Task instructions: Set down exact lines only, from the line with "Burger von BeyondMeat geliefert?" through the last line of the material below, with every picture left out.

Data extract:
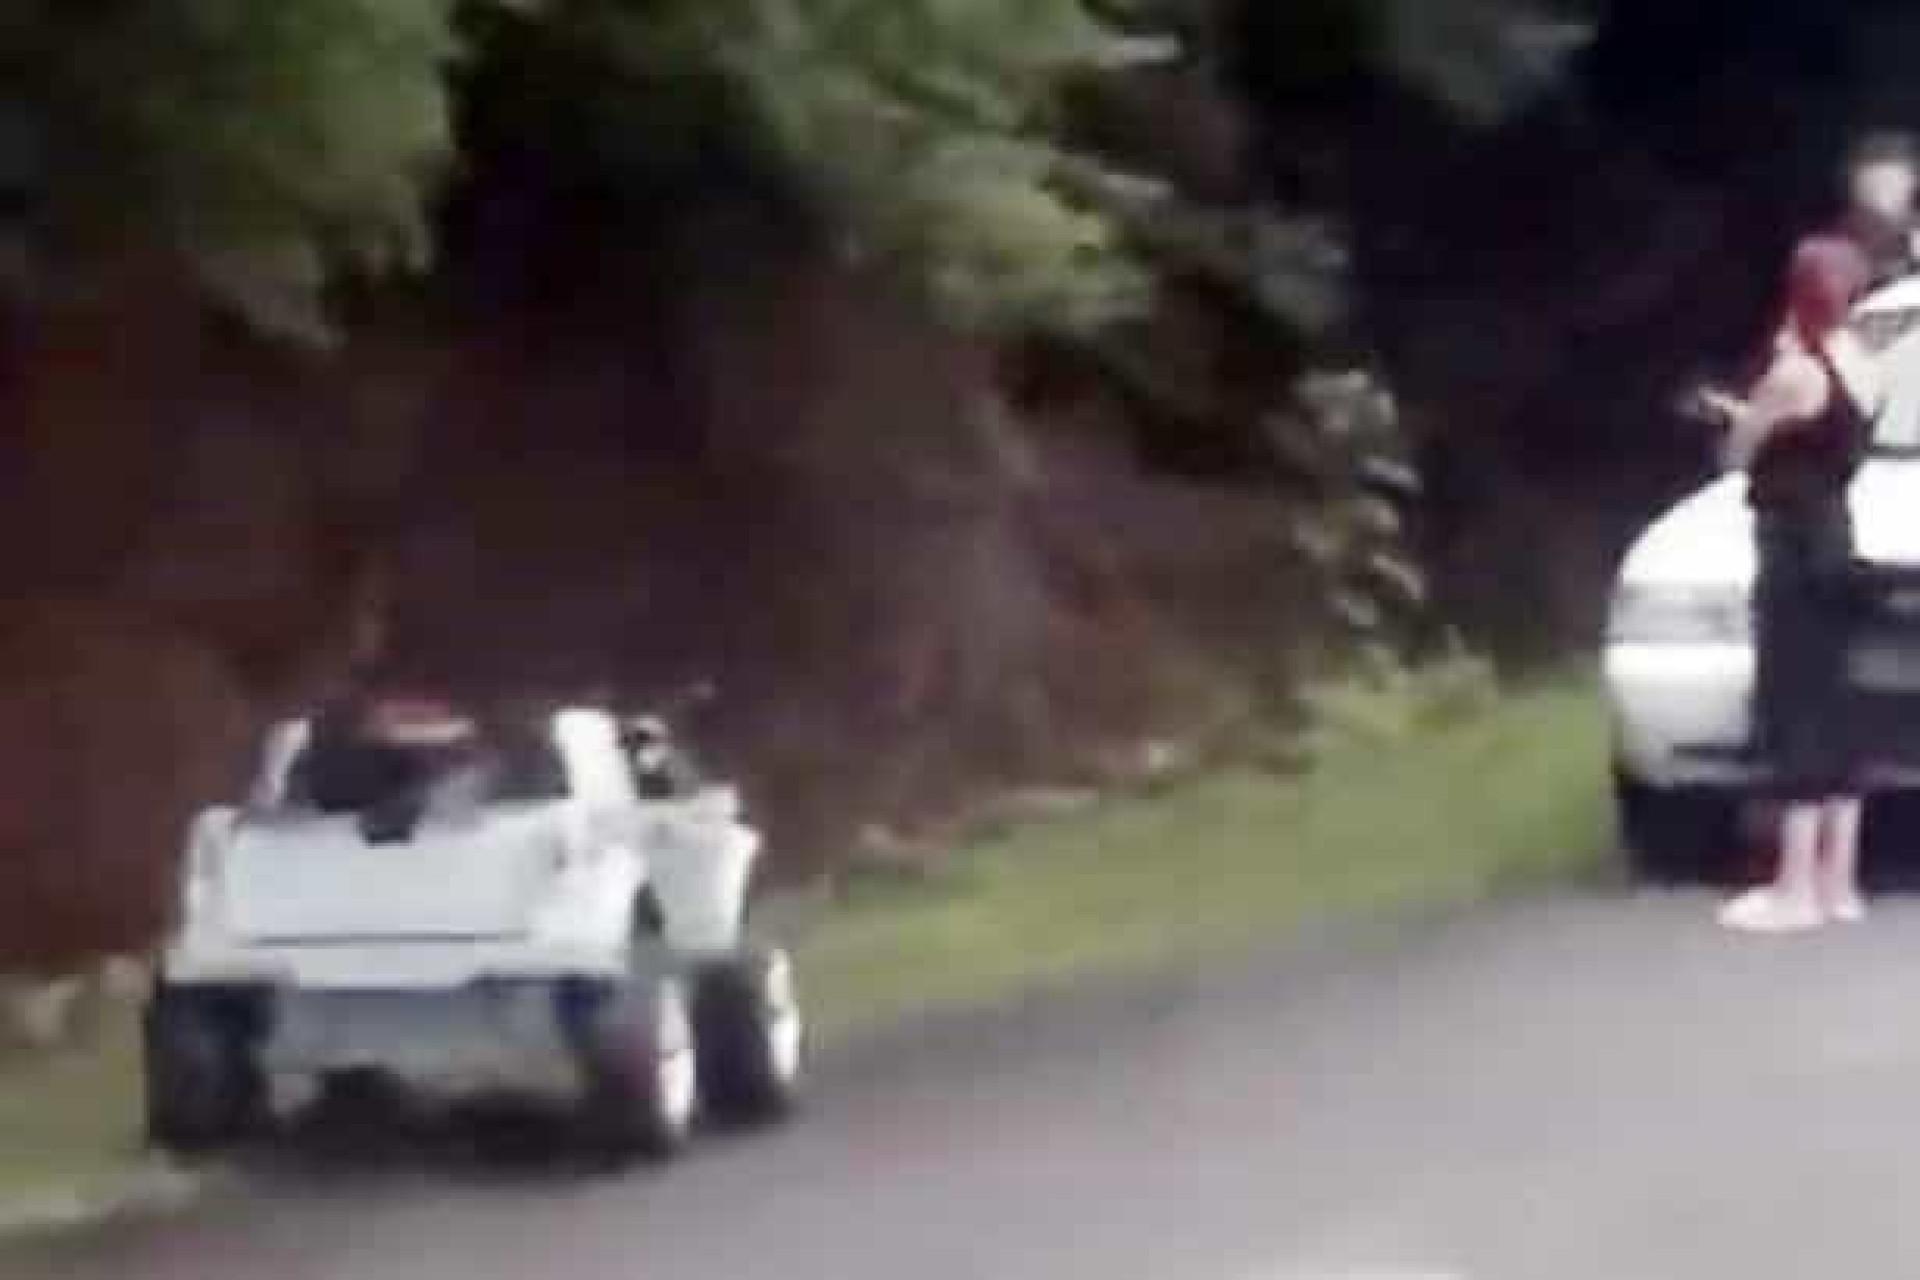 Escapa a multa por conduzir alcoolizada por seguir em camião de brincar
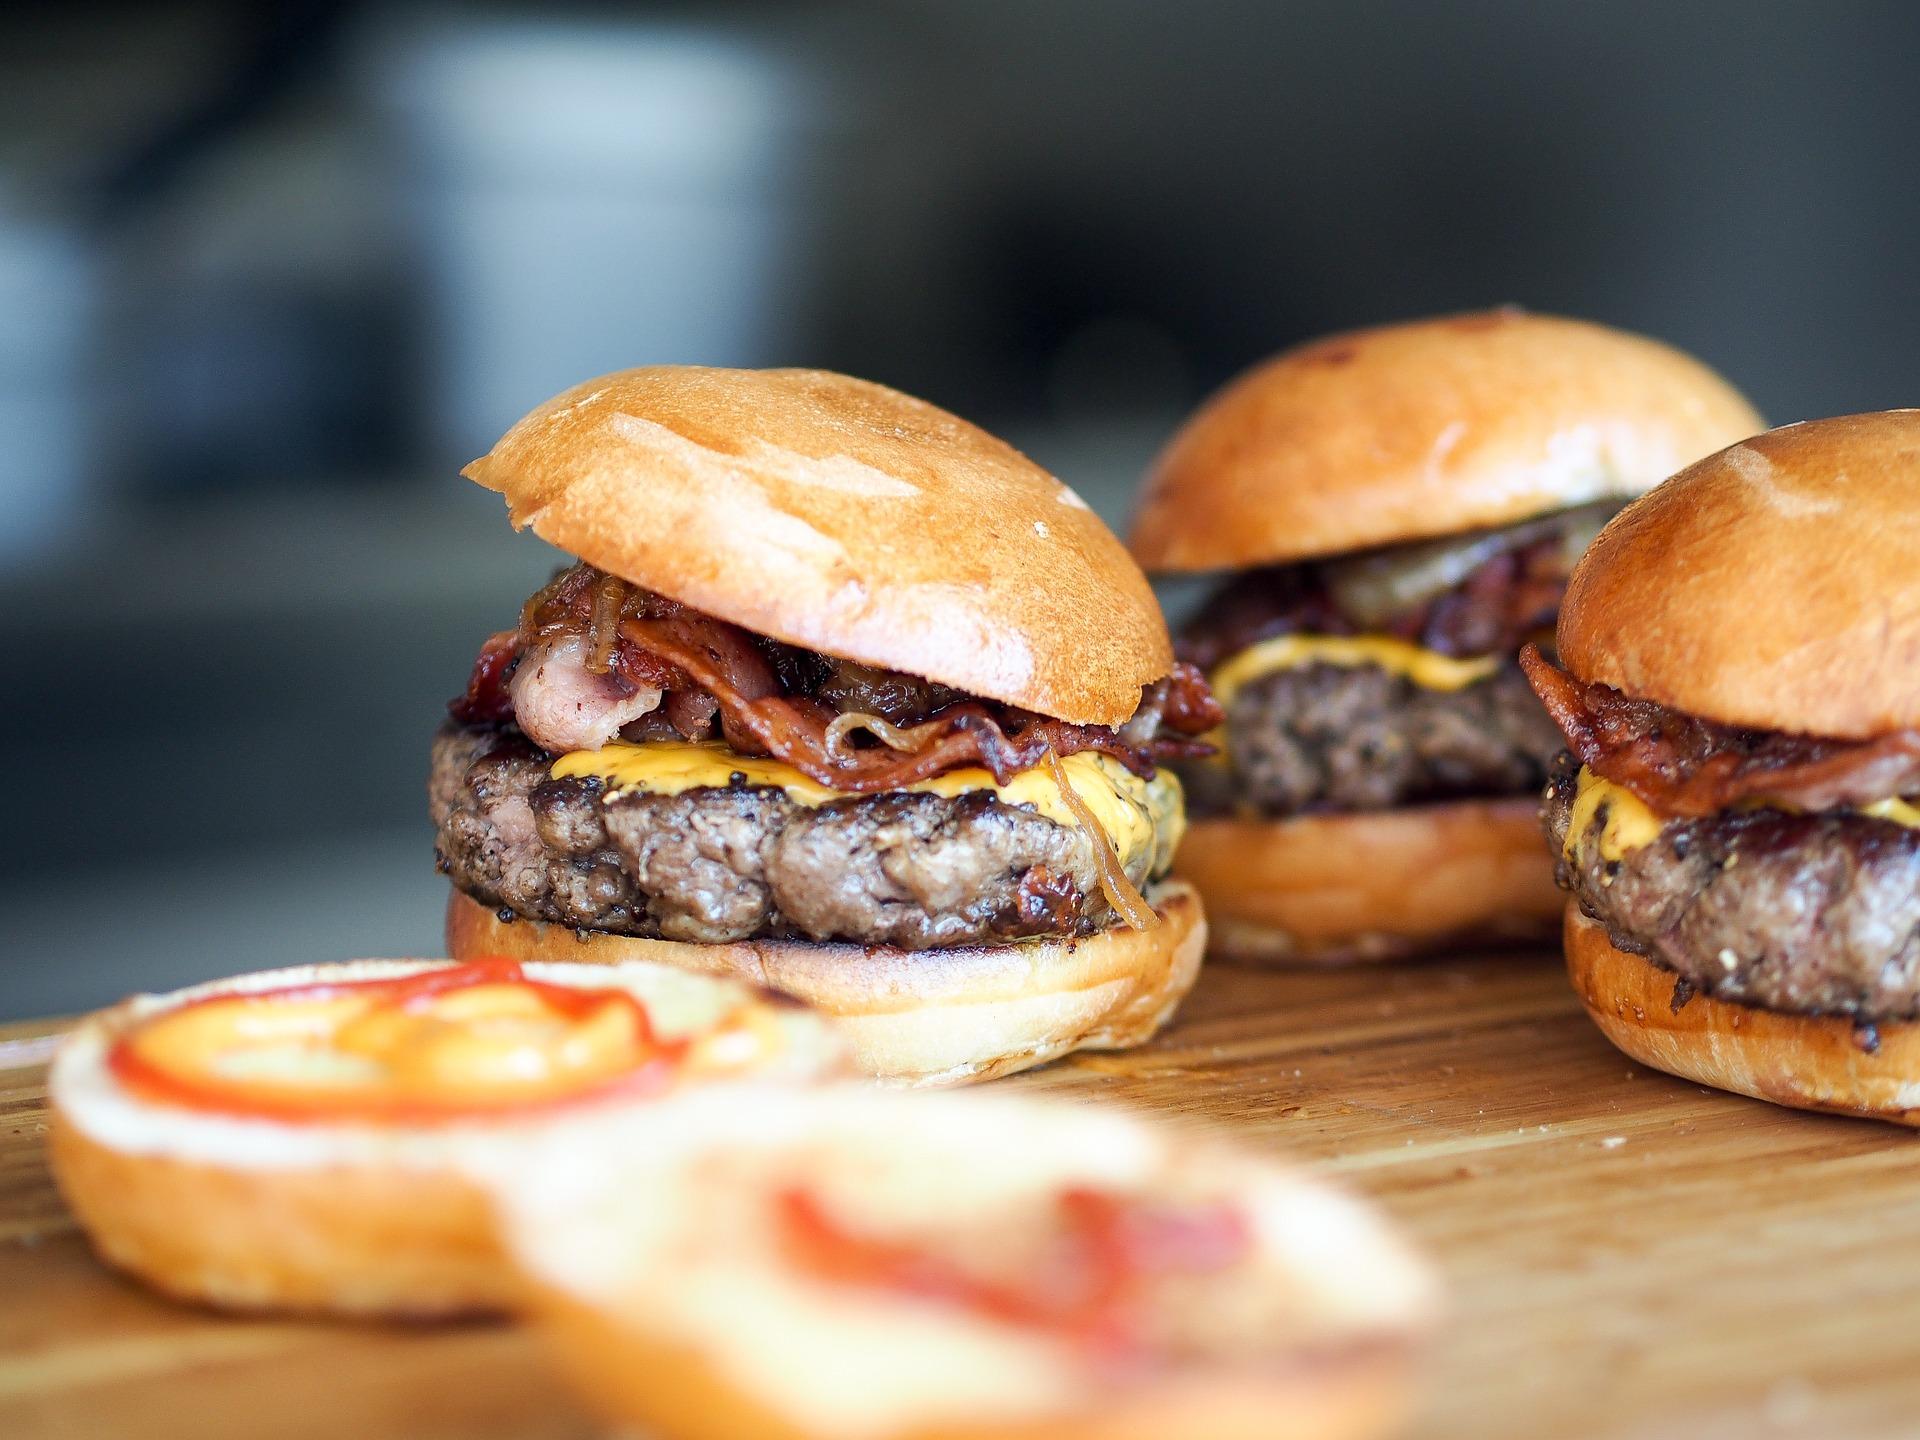 Burger von BeyondMeat geliefert?
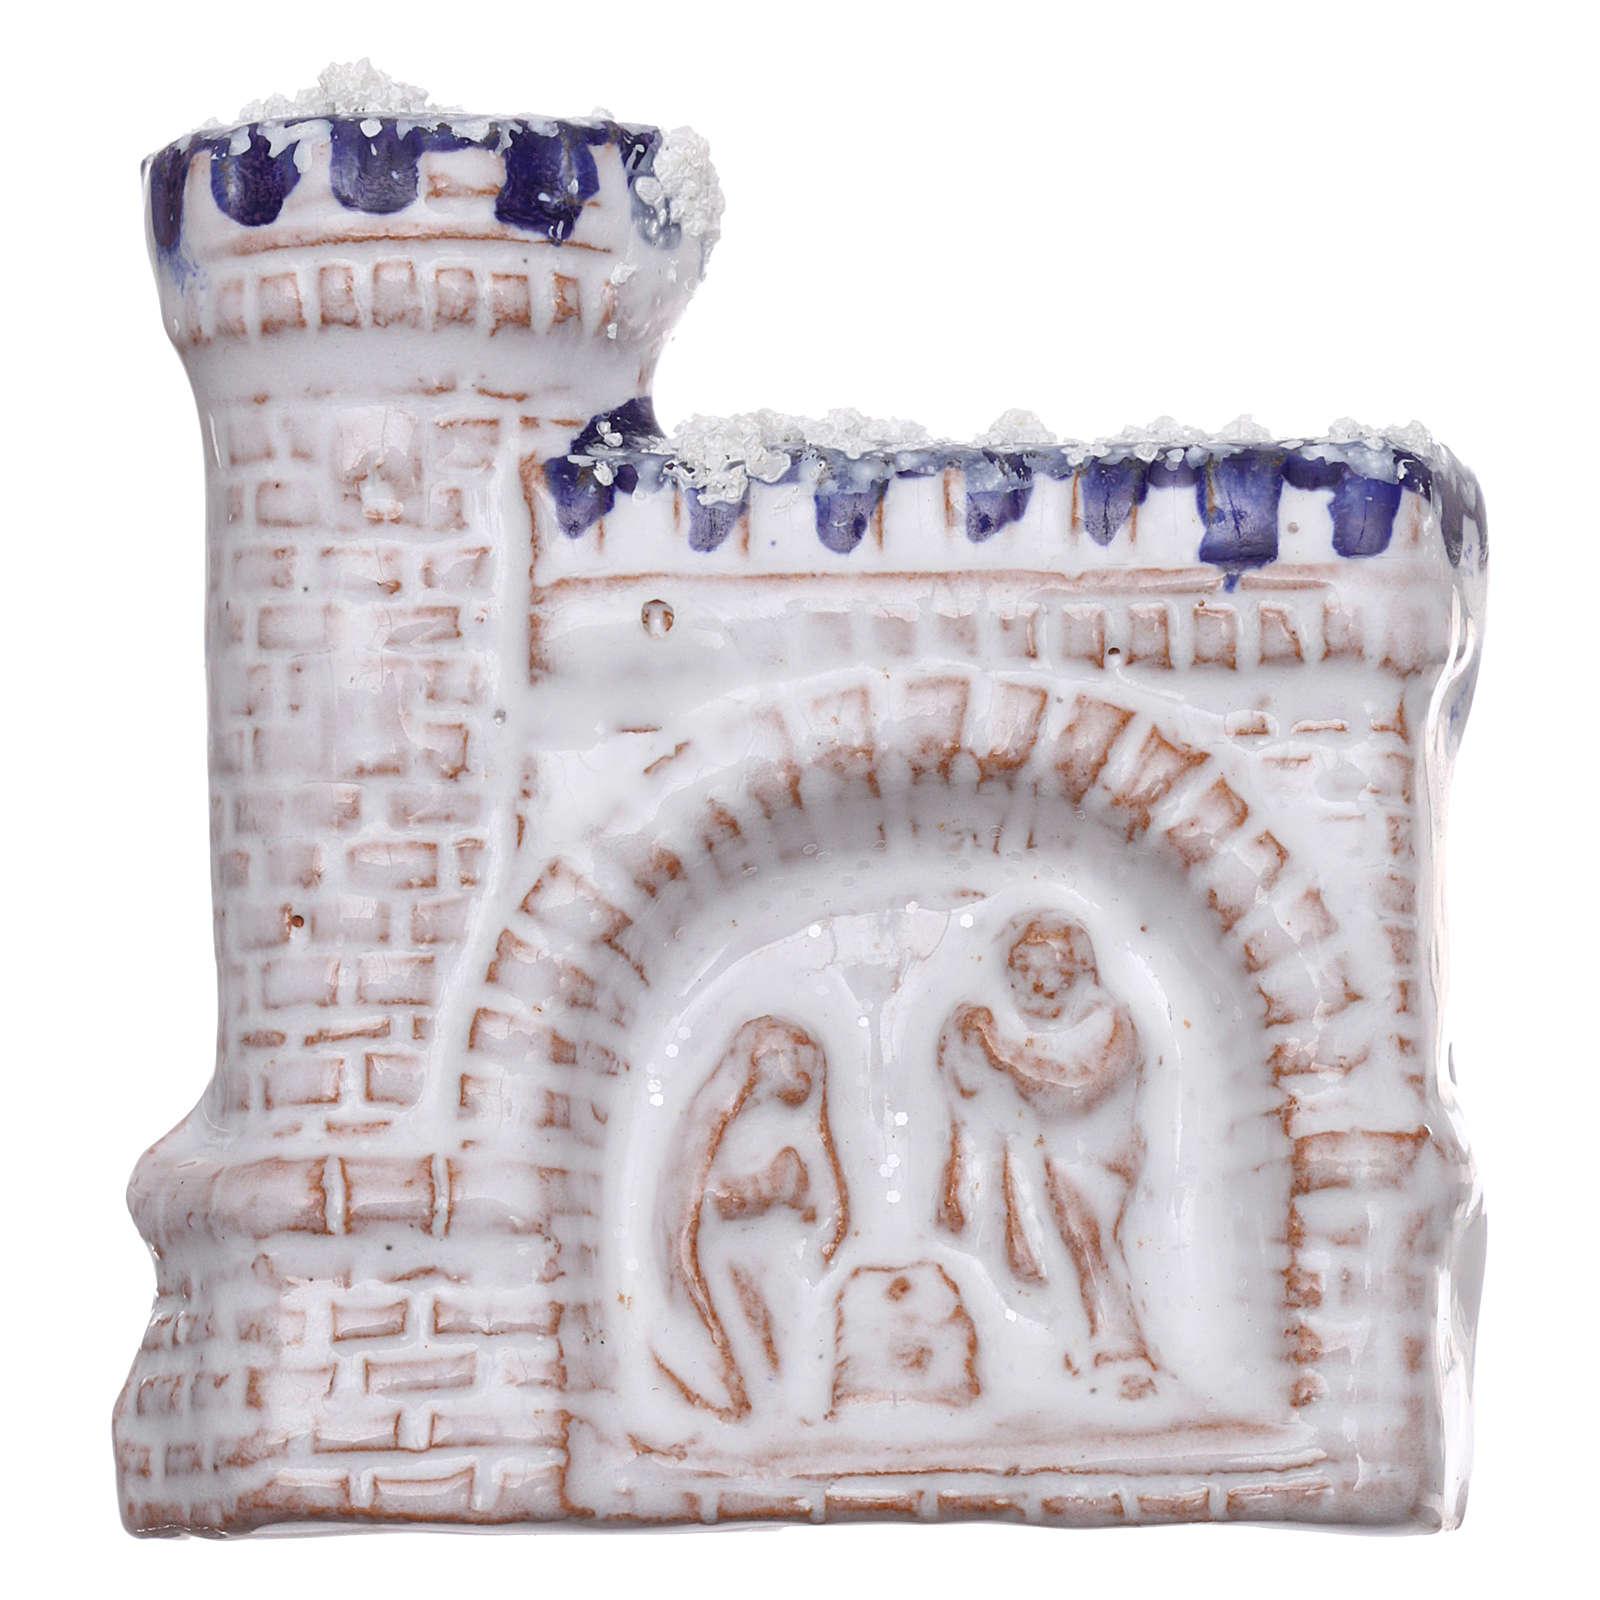 Calamita castello bianco con bassorilievo della Natività in terracotta Deruta 3

Answer to this exercise:
 Burger von BeyondMeat geliefert?
 Calamita castello bianco con bassorilievo della Natività in terracotta Deruta 3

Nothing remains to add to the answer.